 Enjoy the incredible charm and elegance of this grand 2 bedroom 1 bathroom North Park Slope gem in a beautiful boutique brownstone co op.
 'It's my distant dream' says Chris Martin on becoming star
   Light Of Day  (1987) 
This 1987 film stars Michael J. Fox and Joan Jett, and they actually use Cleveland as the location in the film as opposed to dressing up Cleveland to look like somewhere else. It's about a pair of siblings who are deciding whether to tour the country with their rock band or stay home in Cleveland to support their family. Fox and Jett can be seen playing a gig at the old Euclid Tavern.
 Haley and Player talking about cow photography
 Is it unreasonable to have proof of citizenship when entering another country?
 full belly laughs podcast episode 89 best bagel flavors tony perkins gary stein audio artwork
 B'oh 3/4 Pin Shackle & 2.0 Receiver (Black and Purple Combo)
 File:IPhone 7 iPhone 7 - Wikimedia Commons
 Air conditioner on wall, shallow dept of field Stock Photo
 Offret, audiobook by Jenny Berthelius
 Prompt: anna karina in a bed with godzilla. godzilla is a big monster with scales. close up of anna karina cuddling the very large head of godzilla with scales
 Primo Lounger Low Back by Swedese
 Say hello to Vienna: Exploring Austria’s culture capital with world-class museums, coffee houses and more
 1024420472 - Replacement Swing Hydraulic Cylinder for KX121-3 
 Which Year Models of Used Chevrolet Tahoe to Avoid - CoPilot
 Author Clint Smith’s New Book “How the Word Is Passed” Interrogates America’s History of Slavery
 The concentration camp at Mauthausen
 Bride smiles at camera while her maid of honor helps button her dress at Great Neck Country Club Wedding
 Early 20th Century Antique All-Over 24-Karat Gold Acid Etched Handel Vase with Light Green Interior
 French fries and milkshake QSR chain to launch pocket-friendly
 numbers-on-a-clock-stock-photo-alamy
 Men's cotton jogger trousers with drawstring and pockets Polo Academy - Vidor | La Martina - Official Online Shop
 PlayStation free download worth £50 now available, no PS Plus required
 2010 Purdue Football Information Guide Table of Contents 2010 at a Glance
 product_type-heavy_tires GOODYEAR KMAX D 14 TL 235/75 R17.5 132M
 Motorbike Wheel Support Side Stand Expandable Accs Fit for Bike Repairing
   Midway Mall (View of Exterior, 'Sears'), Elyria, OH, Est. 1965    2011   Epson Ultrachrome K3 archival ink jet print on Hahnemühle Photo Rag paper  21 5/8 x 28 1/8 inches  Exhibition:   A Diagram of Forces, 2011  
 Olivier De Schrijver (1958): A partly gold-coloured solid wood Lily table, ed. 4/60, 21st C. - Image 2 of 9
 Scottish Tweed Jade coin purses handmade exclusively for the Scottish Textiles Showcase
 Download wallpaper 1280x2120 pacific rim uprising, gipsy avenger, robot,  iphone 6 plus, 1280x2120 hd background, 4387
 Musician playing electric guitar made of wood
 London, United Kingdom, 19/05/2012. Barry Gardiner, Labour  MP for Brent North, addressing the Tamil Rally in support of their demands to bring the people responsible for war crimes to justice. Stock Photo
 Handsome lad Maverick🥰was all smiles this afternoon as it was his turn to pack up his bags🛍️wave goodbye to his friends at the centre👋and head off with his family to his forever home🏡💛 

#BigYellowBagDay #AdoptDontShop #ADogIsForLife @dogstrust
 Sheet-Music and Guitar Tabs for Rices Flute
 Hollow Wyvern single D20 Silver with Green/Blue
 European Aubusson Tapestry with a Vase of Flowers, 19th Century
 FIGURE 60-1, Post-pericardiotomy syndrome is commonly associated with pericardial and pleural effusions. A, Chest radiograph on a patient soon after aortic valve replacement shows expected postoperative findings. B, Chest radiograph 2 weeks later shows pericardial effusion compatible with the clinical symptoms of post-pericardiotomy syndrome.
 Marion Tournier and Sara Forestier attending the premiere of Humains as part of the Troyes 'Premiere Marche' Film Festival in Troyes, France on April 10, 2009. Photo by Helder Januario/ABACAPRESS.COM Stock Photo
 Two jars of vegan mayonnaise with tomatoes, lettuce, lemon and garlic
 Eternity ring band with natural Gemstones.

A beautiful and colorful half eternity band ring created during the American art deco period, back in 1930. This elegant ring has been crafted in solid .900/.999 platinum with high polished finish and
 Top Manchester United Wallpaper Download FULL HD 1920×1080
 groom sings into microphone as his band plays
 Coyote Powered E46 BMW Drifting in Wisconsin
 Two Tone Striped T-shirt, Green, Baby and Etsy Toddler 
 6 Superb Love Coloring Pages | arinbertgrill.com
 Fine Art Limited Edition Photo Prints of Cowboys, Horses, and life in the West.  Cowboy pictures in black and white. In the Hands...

___

Requirement: Keep only the lines of the listing that contain the word "about", and copy them.

Answer to the problem:
This 1987 film stars Michael J. Fox and Joan Jett, and they actually use Cleveland as the location in the film as opposed to dressing up Cleveland to look like somewhere else. It's about a pair of siblings who are deciding whether to tour the country with their rock band or stay home in Cleveland to support their family. Fox and Jett can be seen playing a gig at the old Euclid Tavern.
 Haley and Player talking about cow photography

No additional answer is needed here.